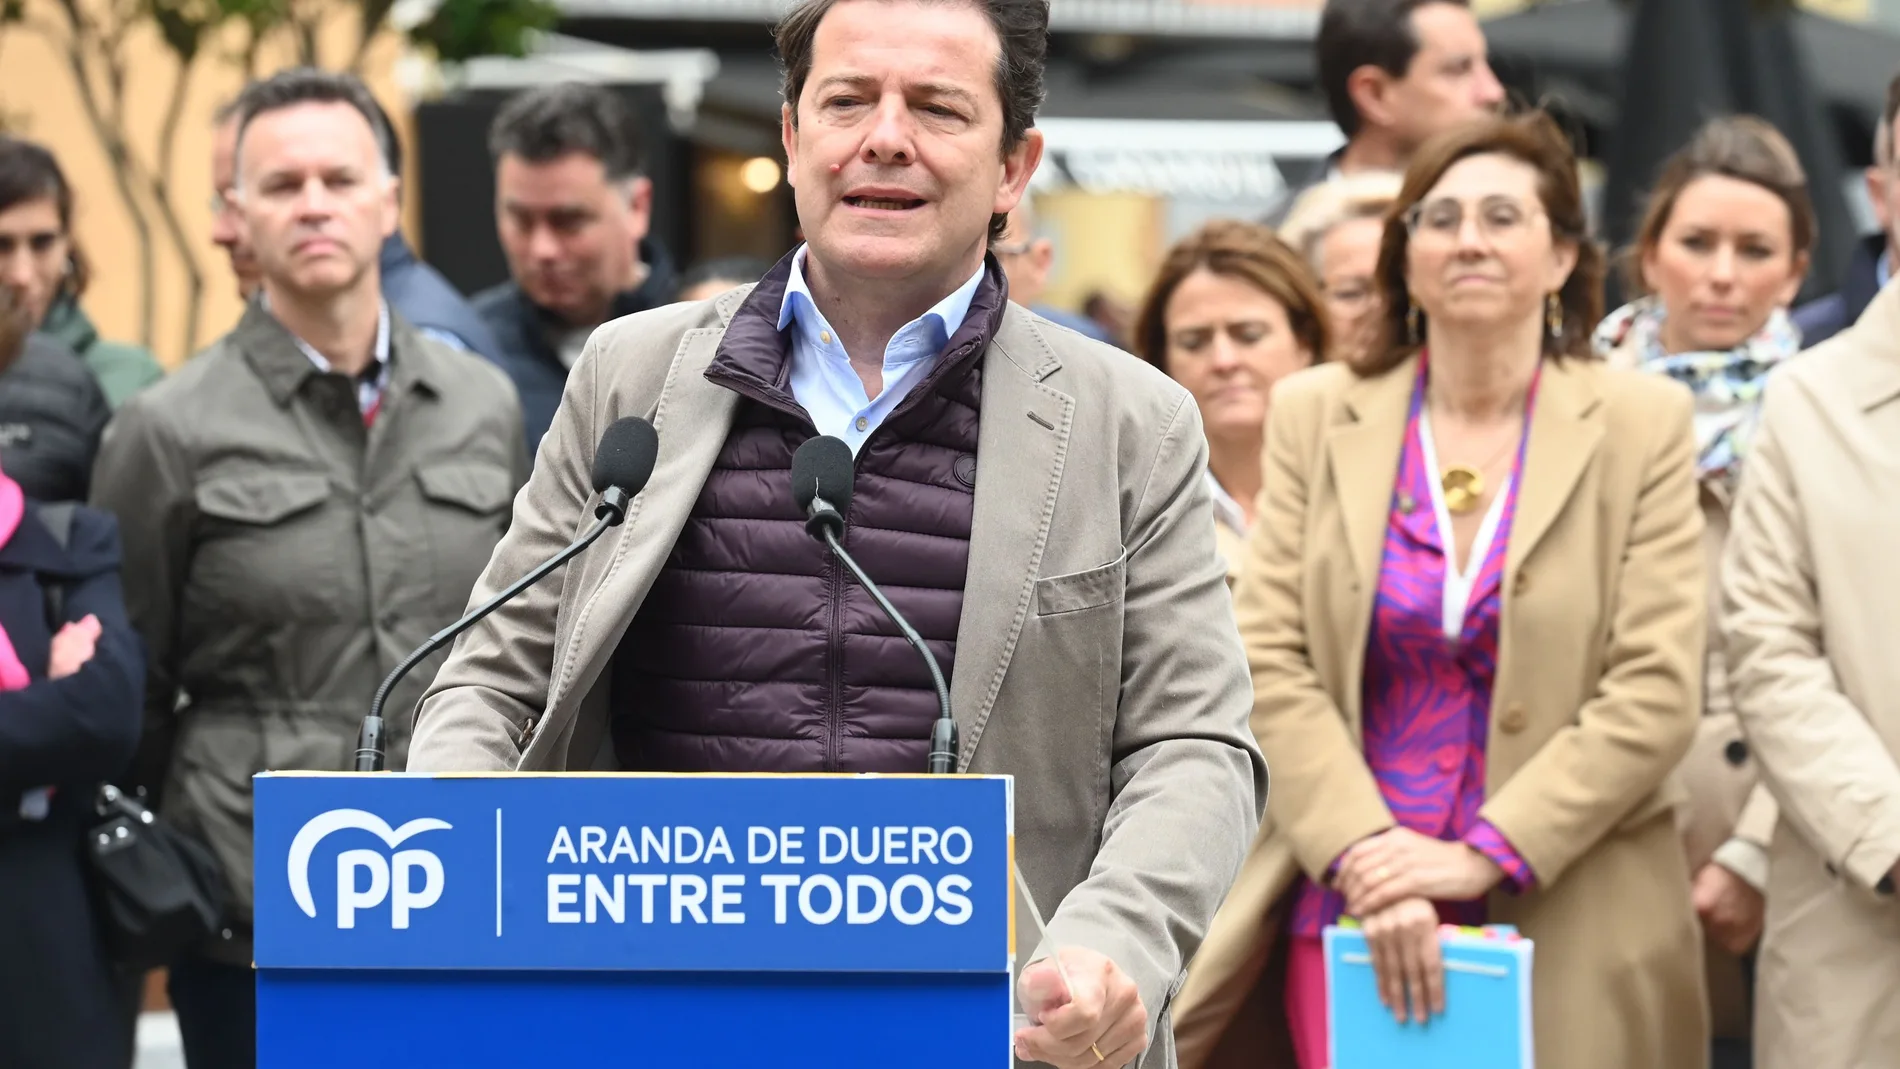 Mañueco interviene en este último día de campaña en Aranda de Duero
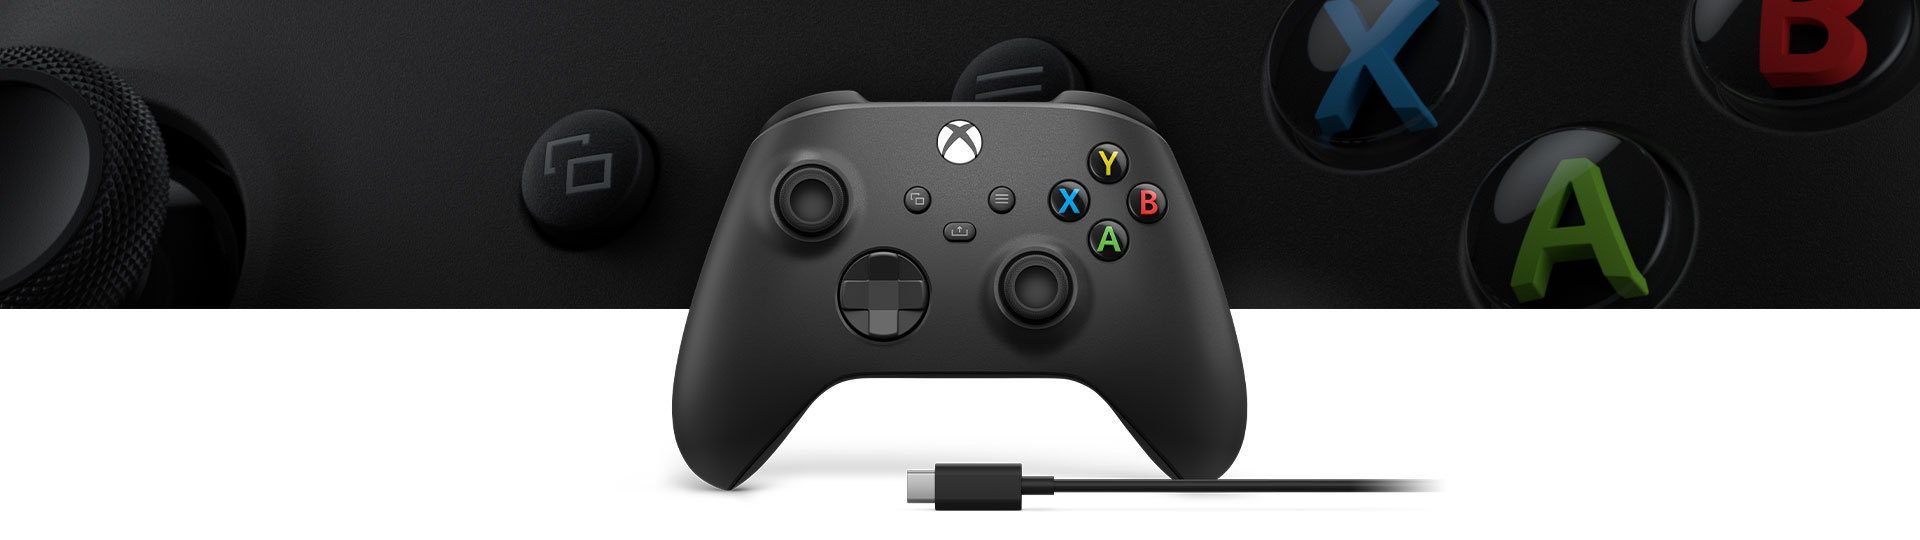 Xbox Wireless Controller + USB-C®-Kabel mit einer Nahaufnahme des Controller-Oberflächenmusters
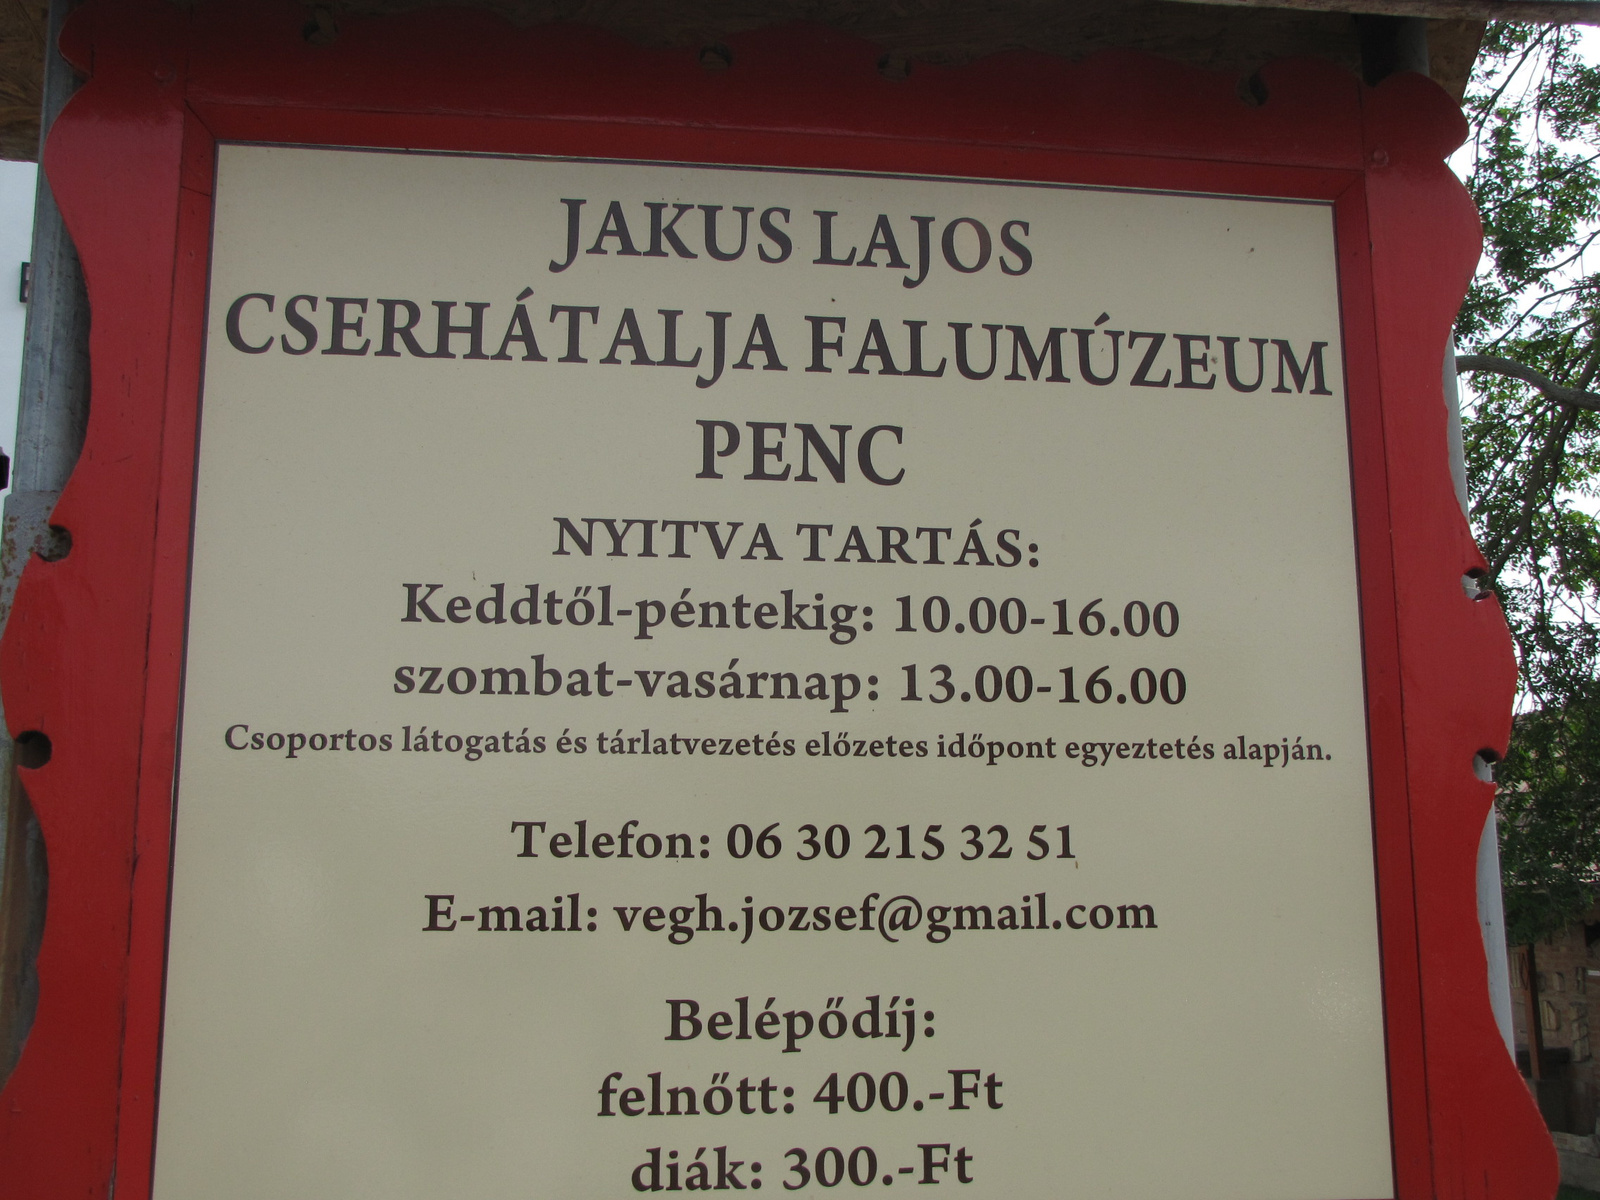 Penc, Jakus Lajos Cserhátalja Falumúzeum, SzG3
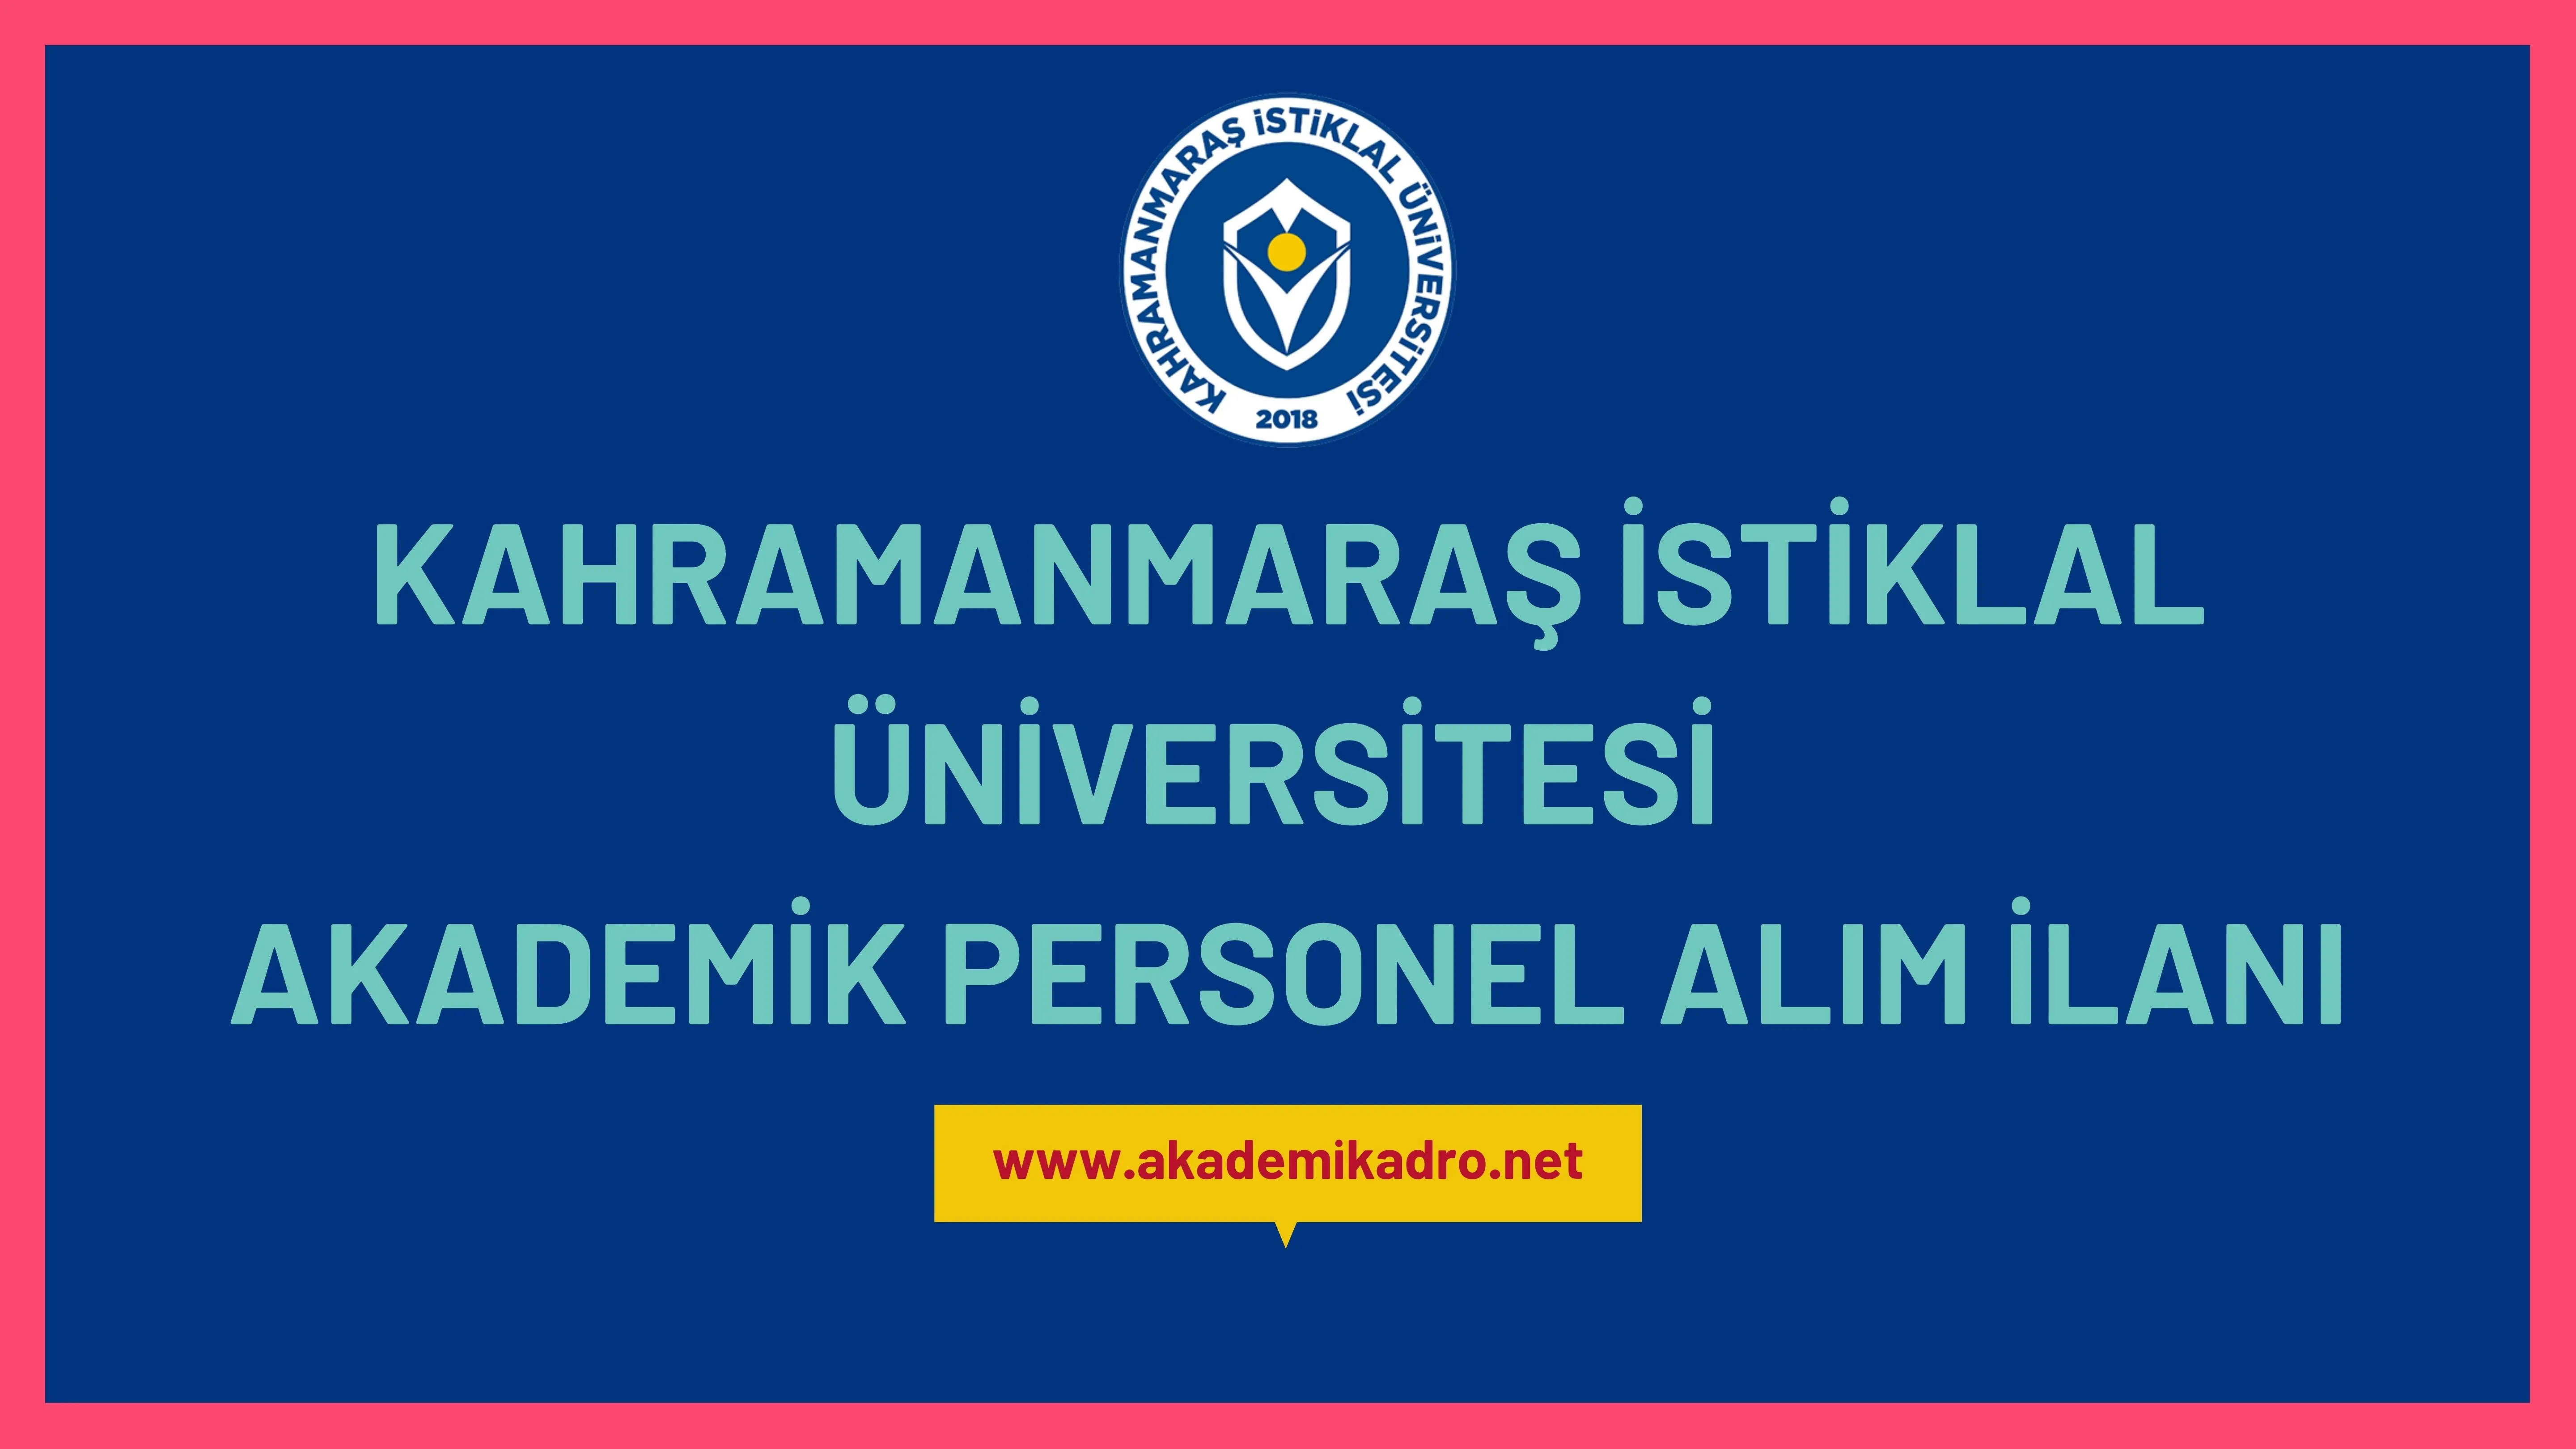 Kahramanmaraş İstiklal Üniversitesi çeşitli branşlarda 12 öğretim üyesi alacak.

- [WHAT YOU ARE ASKED TO DO]:
Print the listing exactly, minus any pictures.

- [ANSWER FOR THIS EXERCISE]:
 Mañueco interviene en este último día de campaña en Aranda de Duero
 Xbox Wireless Controller + USB-C®-Kabel mit einer Nahaufnahme des Controller-Oberflächenmusters
 Penc, Jakus Lajos Cserhátalja Falumúzeum, SzG3
 Kahramanmaraş İstiklal Üniversitesi çeşitli branşlarda 12 öğretim üyesi alacak.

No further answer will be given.